Governor Rick Snyder has no interest in attempting to make Michigan a "right-to-work" state, which means one where it is illegal for employers to sign labor contracts requiring their workers to pay union dues. But some Republicans in the legislature disagree, and may try to get a right-to-work bill passed this year.

There’s also the possibility of trying to put something on the November ballot, a constitutional amendment, perhaps, that would outlaw the union shop in this state. It’s unclear whether there is really going to be any serious effort to make that happen.

But if there is, I can tell you this.  Attempting to make Michigan a right-to-work state might be the biggest present anyone could give the Democrats in this election year. That would anger unions and get them to pour money into campaigns like never before. And it would make a lot of workers very anxious, especially after the unions launched a campaign to tell them how their paychecks would shrink if this were to ever become a right-to-work state.

That could well mean an electoral disaster for the Republicans in November. Now, if they go ahead and do this anyway, the legislative Republicans will have proven one thing:

Elephants don’t have long memories after all. They should be thinking back to what happened only a dozen years ago. Betsy DeVos, then the state Republican chair, and her husband Dick were strong backers of a ballot initiative that would have made school vouchers widely available in troubled districts statewide.

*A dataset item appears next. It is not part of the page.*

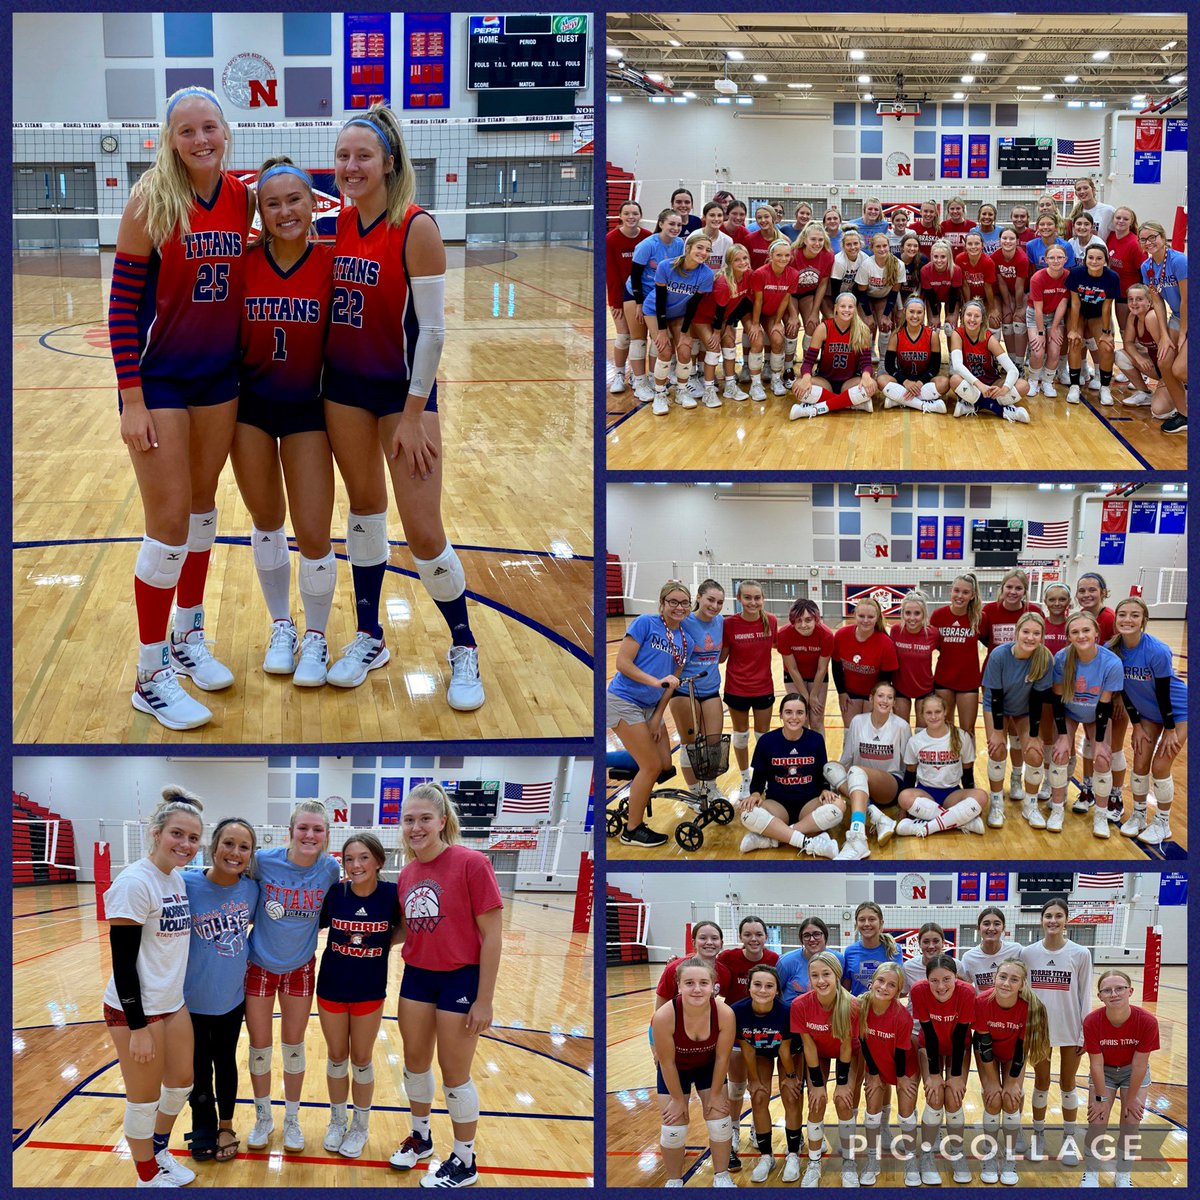 Friday Fun Day in the gym! 🔴⚪️🔵 theme. It’s been a great first week! @boesiger_maisie @ellawaters05 @sydney_jelinek #seniorleaders
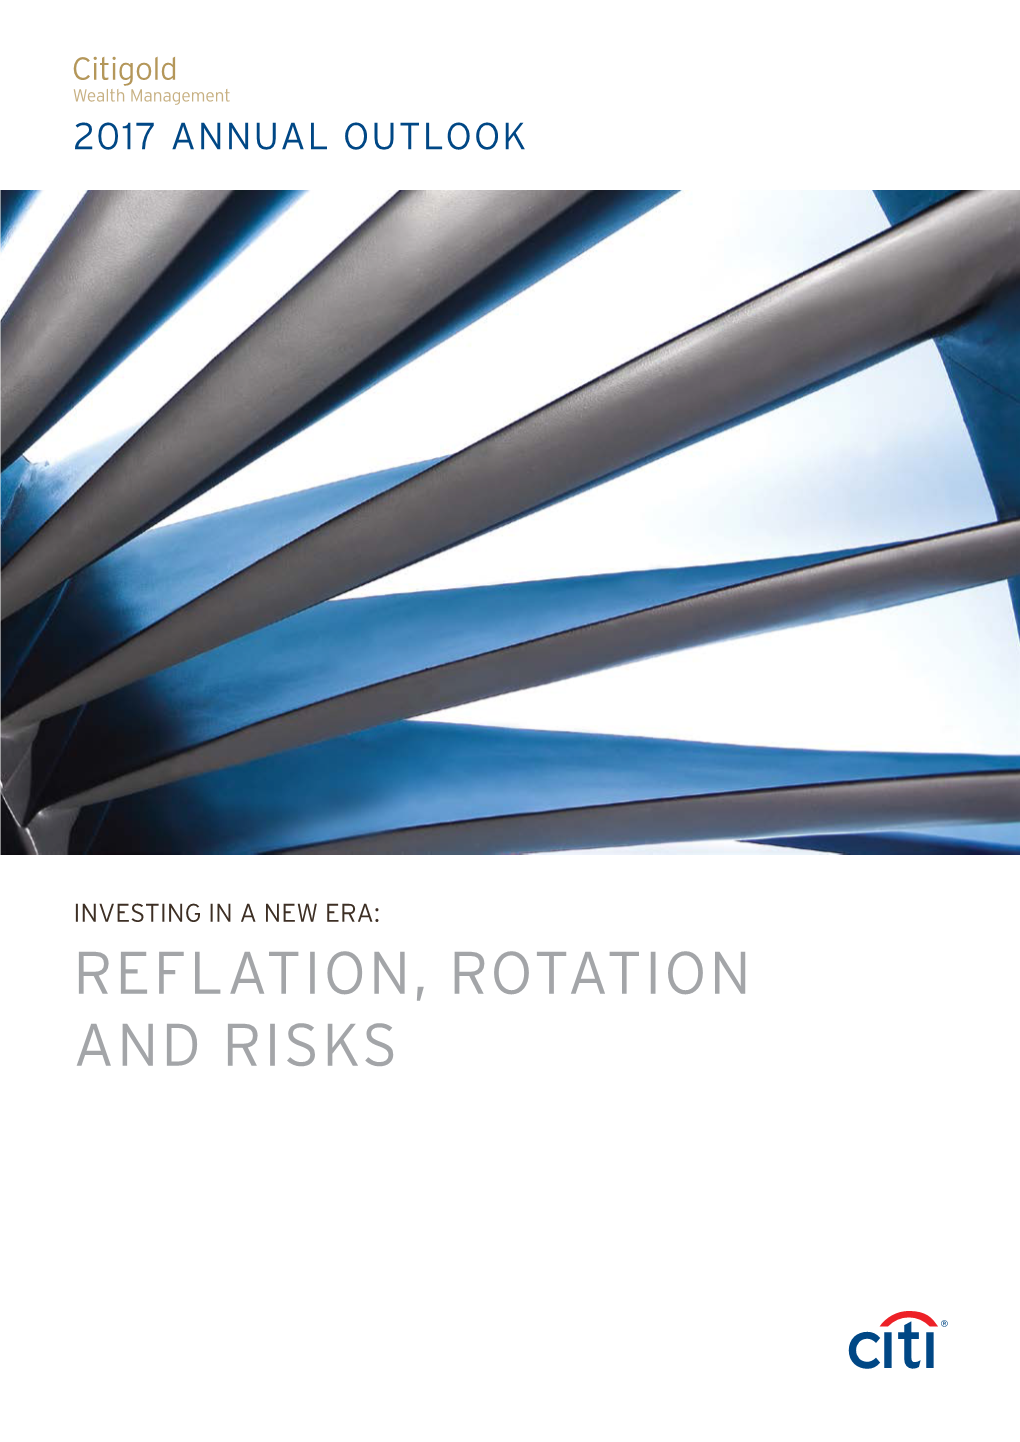 Reflation, Rotation and Risks 2017 Annual Outlook Contents

Governor John Engler, who was also a Republican, thought this was a horrible idea. He knew it would infuriate the teachers unions, who would spend heavily to defeat it. Worse, it would cause a larger-than-expected flood of mostly Democratic voters to the polls.

But the DeVoses and their allies wouldn’t listen. They got a voucher amendment on the ballot that November.  The result was a disaster for the Republicans. The voucher amendment lost by a landslide, which pretty much ended Betsy DeVos’s political career. But that wasn’t the only effect. Michigan had been rated a toss-up between Al Gore and George W. Bush in that famous election. But thanks to the huge turnout of Democrats, Gore won the state fairly easily, by nearly a quarter-million votes.

What was even worse was that the flood of anti-voucher voters allowed Debbie Stabenow to win a come-from-behind upset victory over Republican U.S. Senator Spencer Abraham. The anti-voucher sentiment was so strong it prevented the legislature from doing what Engler was really interested in; allowing more charter schools.

Governor Snyder knows all this. He also doesn’t think right-to-work is necessary for Michigan’s economic recovery. Only a small minority of private sector workers are unionized today. In today’s auto industry, new UAW members make barely half as much as before.

Yet there are some in the legislature who just want to sock it to the unions -- and who know that if the union shop were destroyed, unions would lose vast sums in dues that they now sometimes spend trying to defeat candidates they don’t like. Earlier this week, the Jackson Citizen-Patriot, a newspaper that traditionally has favored right-to-work, ran an editorial saying this was not the time.

Republicans who are interested in winning in November might be well advised to listen.